Avian Flu Forces Manufacturers to Find Egg Replacements, Many Turn to Soy

U.S. Agriculture Secretary Tom Vilsack testified before Congress on July 22 that the federal government is "planning for a circumstance where we are simultaneously having to deal with 500" detections of bird flu this fall. That on top of the deaths this spring of 35 million egg-laying hens, which represents a loss of about 12 percent of the U.S. egg industry, will put a significant burden on the food industry. In the wake of this supply-chain devastation, food manufacturers are seeking solutions to keep businesses operational with egg replacement ingredients, says the Soyfoods Association of North America.

While consumers will see impact from these outbreaks, the most substantial concern is shortages of egg products used in food manufacturing. The highly pathogenic avian influenza (HPAI) H5 outbreak has greatly driven the price of eggs up for manufacturers—during May alone, prices more than doubled. The industry doesn't see any sign of relief in terms of either supply levels or costs.

There is an industry-wide demand for more cost-effective and sustainable alternatives to reduce the dependence on eggs for food safety and cultural considerations. Plant-based alternatives offer a vegan-friendly option that is also dairy and egg allergen-free without fear of salmonella contamination.

Many ingredient companies are providing a wide range of soy-based options to manufacturers that produce, among other things, cookies and cookie dough, pancakes, muffins and cakes; pasta; vegetarian meat alternatives; sauces, dressings and dips; and breading and binding for meat and seafood.

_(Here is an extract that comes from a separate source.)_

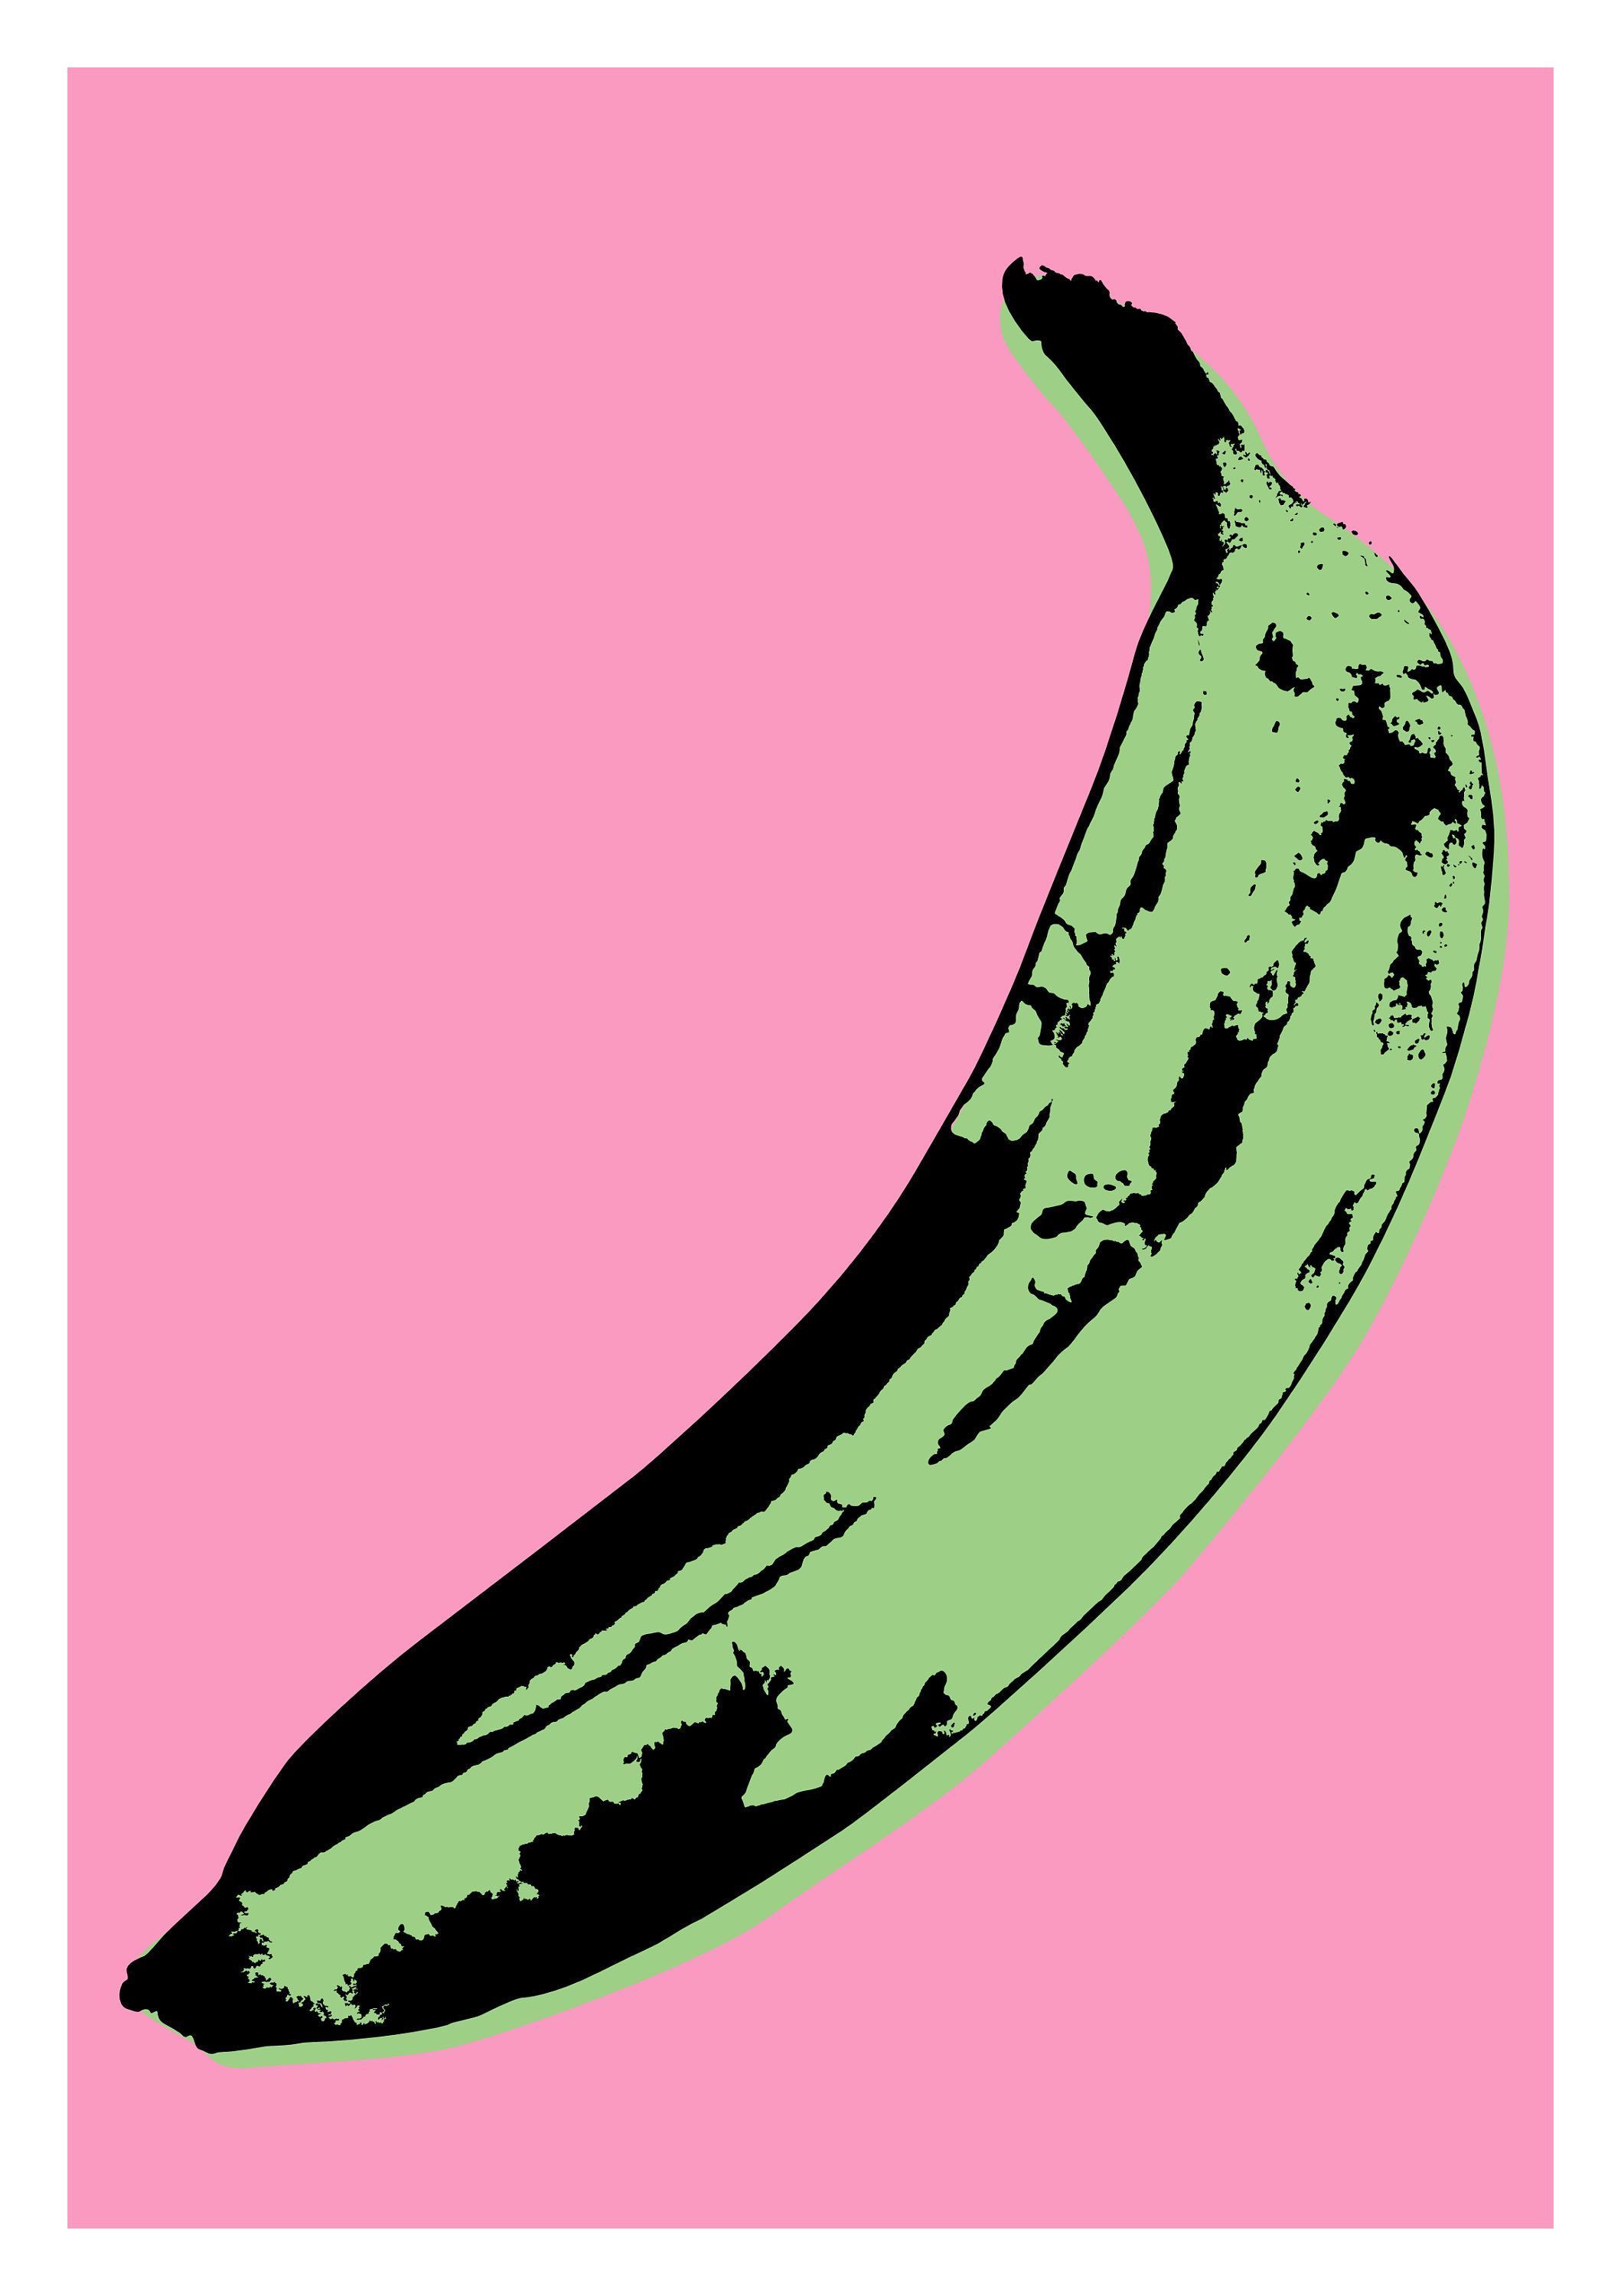 Andy Warhol pop art print poster banana album record cover art home decor wall art print kitchen decor pink poster white modern graphic - Andy Warhol pop art print poster banana album record cover art home decor wall art print kitchen decor pink poster white modern graphic -   18 fitness Art poster ideas

Several soy options are available for application-specific uses—from foaming to replace egg whites to oil-binding stability for mayonnaise-type salad dressing.

"Soy makes a better egg replacer than other types of ingredients because, like whole eggs, soy is largely protein and fat. A fraction of the oil in a soybean is lecithin, the same strong emulsifying agent found in egg yolks," said Jon Stratford, sales manager at Natural Products, Inc., which has a line of vegetable-based egg and milk replacement systems called Scotsman's Mill. "In addition to the functional similarities with whole eggs, soy helps to address some of the main risks associated with eggs."

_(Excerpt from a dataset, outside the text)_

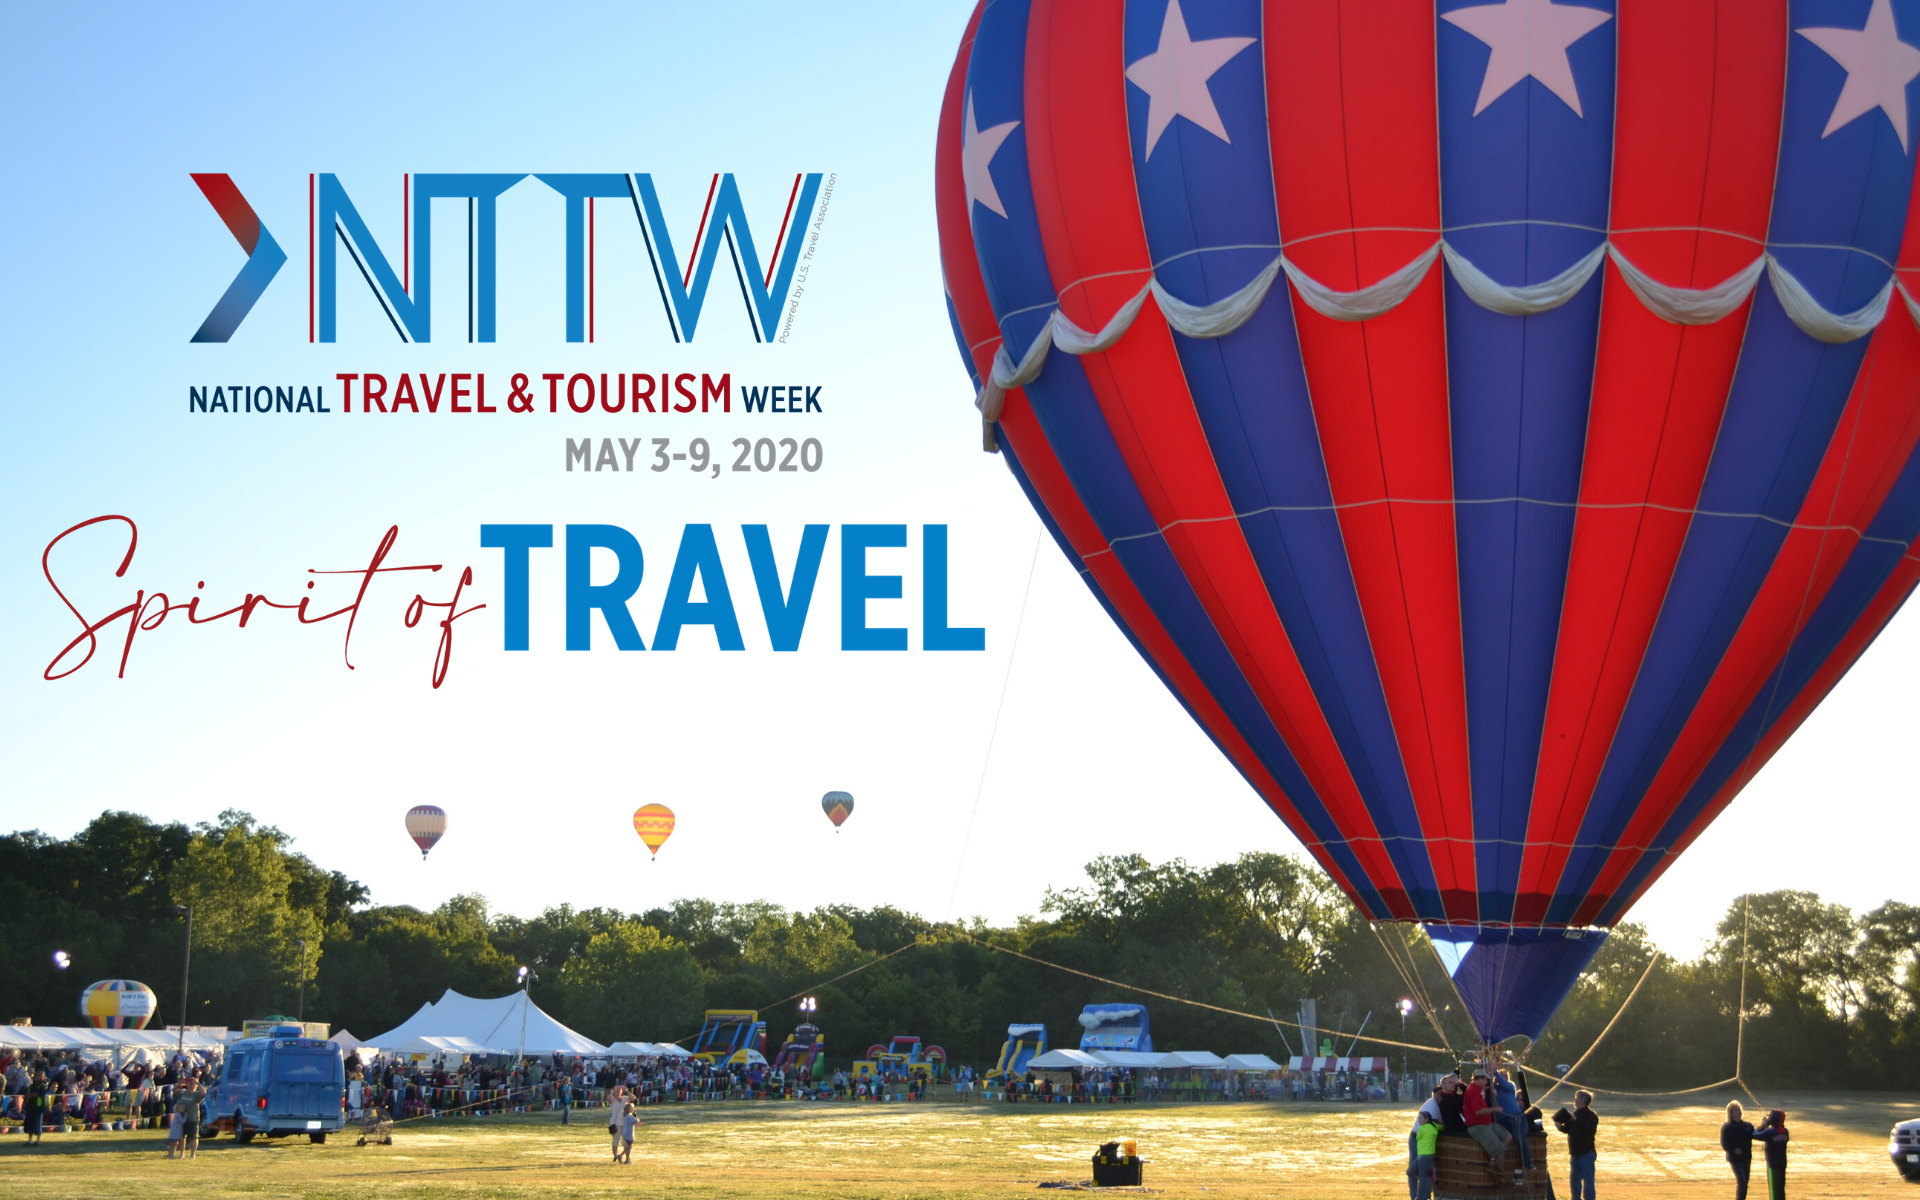 Plano supports the spirit of travel during National Travel & Tourism Week

"The key in approaching egg substitution is understanding the properties in that given application and therefore what would most effectively contribute similar physical characteristics and eating quality," said Felix Johnson, Ph.D, senior principal scientist at DuPont Nutrition & Health. He added that customers have shared some of the advantages of using a soy-based ingredient, including "the elimination of egg allergen concerns since more Americans are allergic to eggs than soy, moving to a stable formulation cost since egg prices fluctuate significantly more than soy, and simplification of food handling, storage, and food safety considerations by moving away from egg ingredients."

Benefits of utilizing a soy-based egg replacer include lower cost (often less than half the price of egg products), stable pricing, sustainable, consistent source of supply, animal protein free, vegan, long shelf life, food safety concerns including ease of handling vs. liquid eggs.

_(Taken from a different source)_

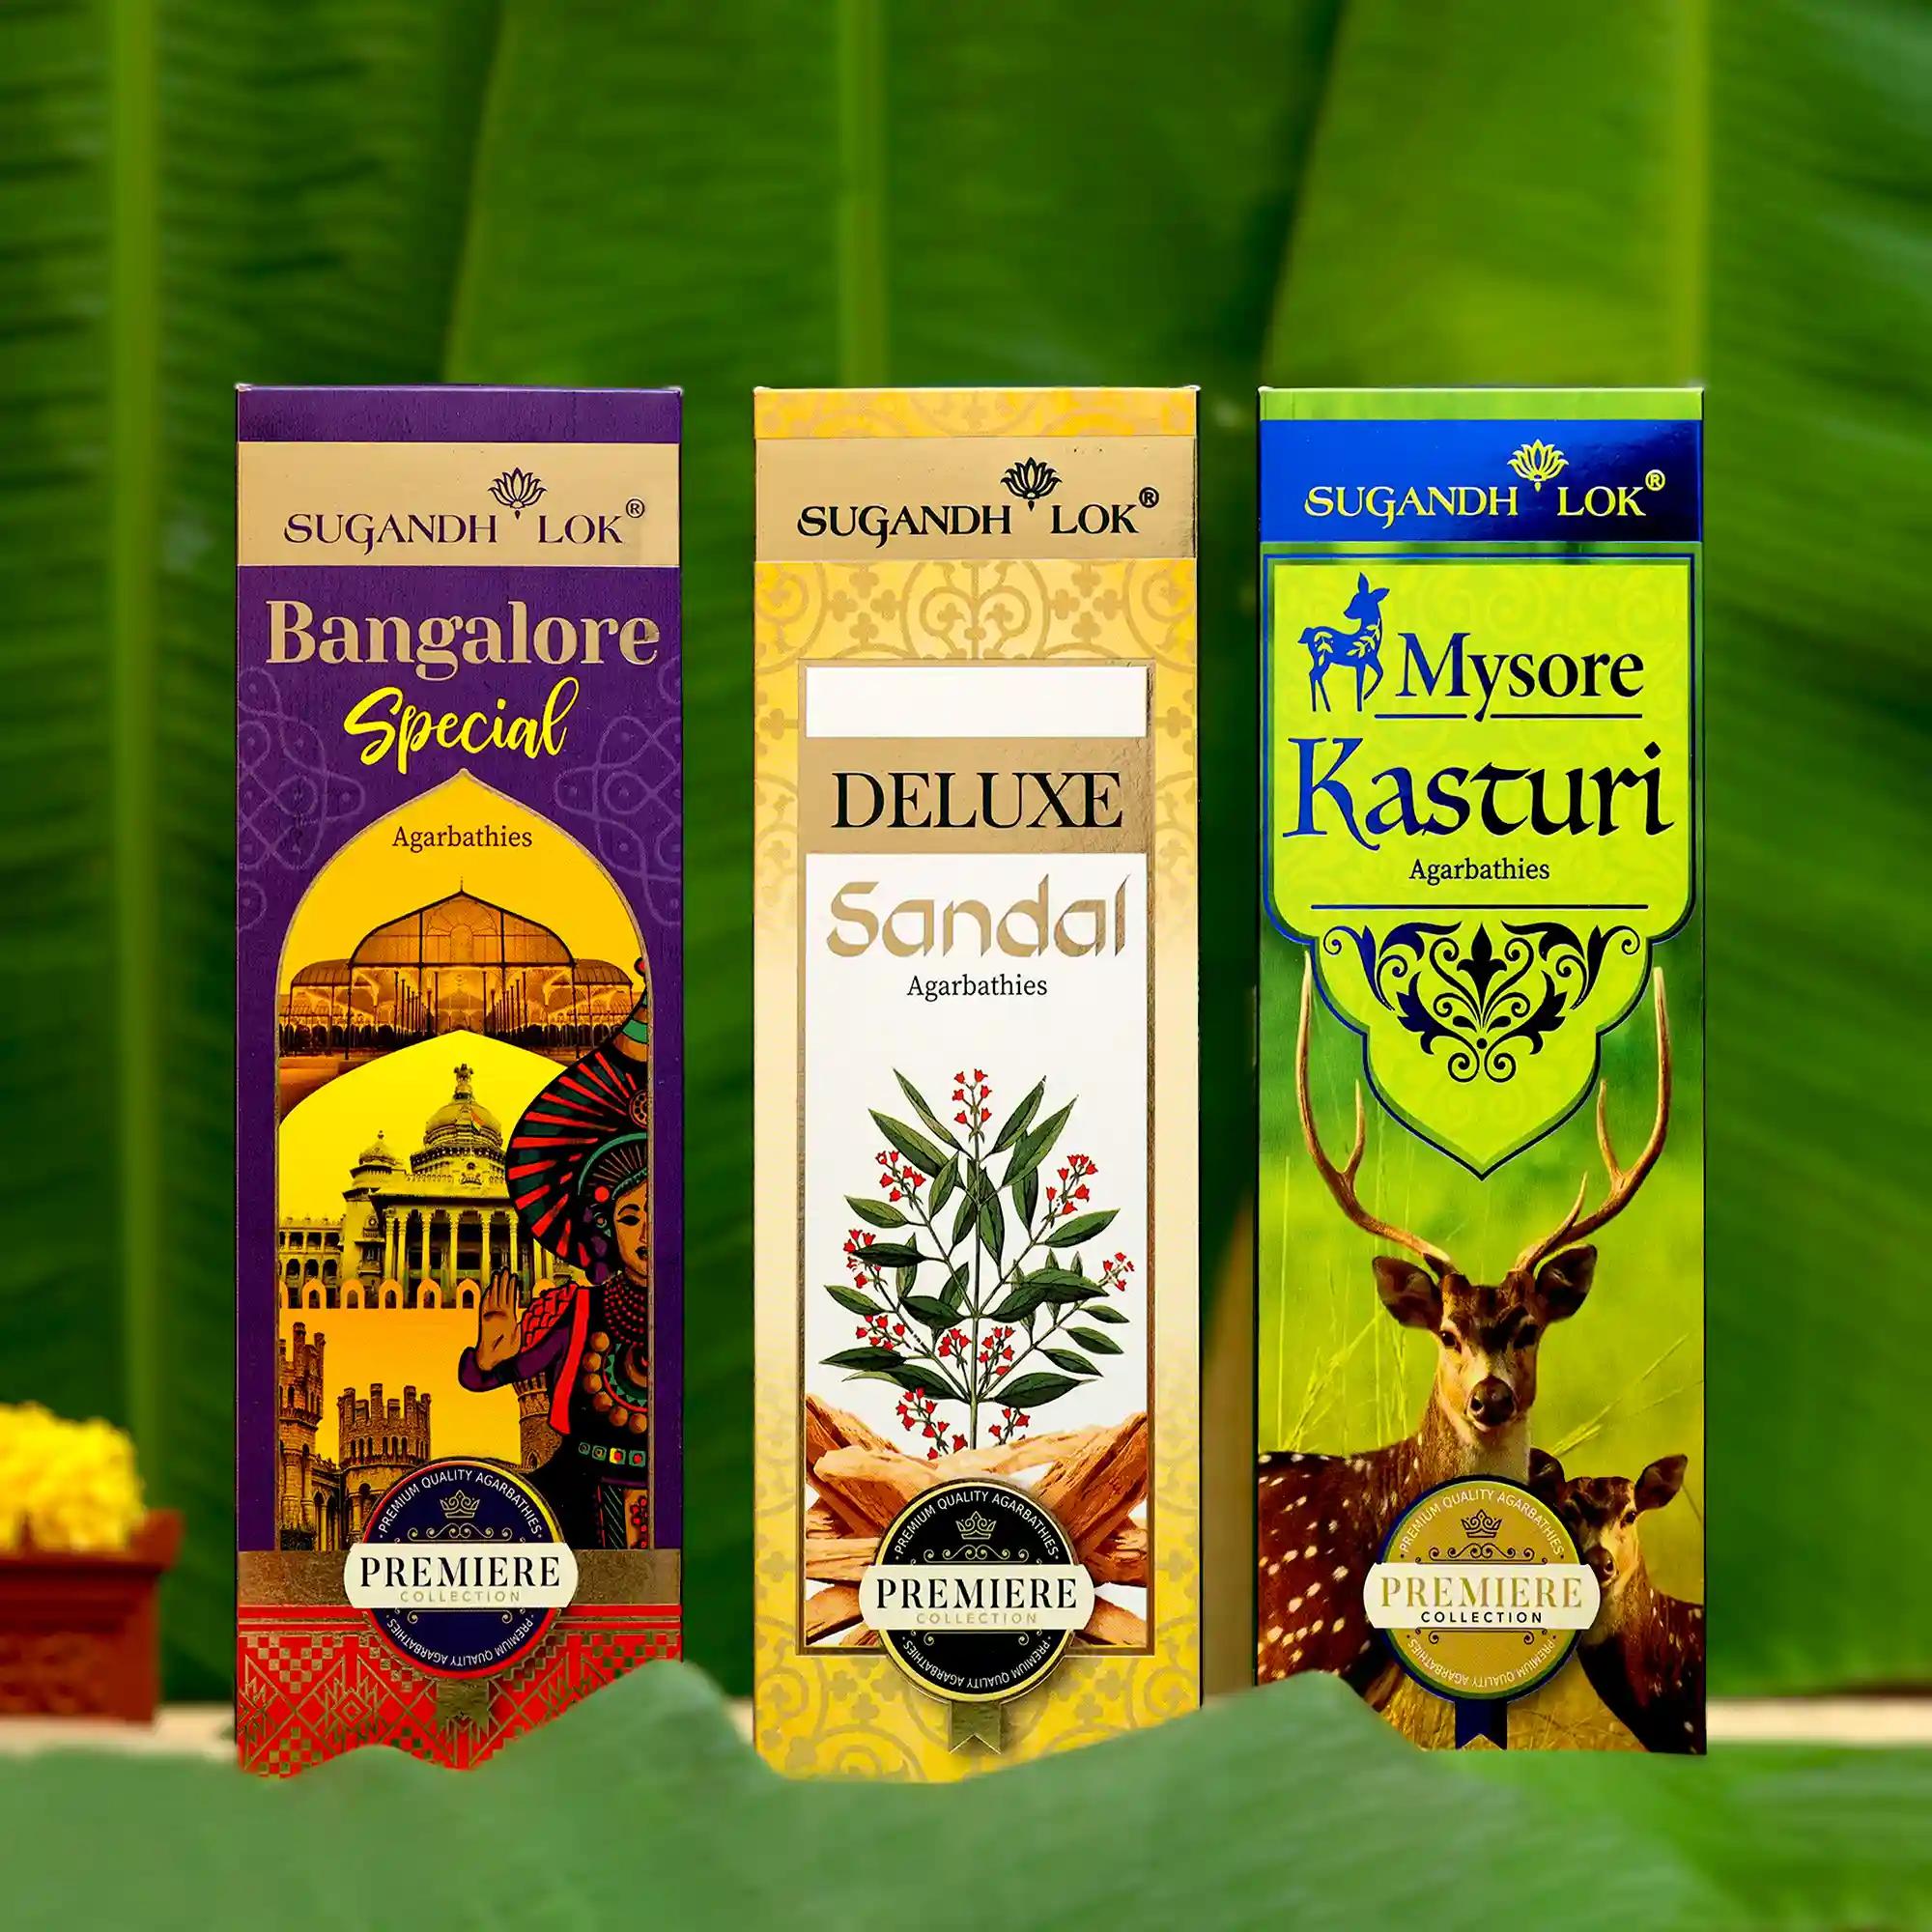 Premium Collection - Southern Symphony Incense Sticks I Fragrance - Mysore Kasturi / Bangalore special /Deluxe Sandal I Recycled Temple Flowers | Hand-crafted | Non-irritant Smoke - Pack of 3

"Food manufacturers have been hit hard by these outbreaks and are seeking long-term solutions for stability, both in price and availability," said Lesley Nicholson, marketing manager at Archer Daniels Midland Company, which is seeing a significant influx of calls from customers looking to find a sustainable product that won't impact taste or texture of the final product. "With many different soy-based ingredient options available, our team is working hard on a whole process solution for customers to determine which combination of ingredients is best for each product application."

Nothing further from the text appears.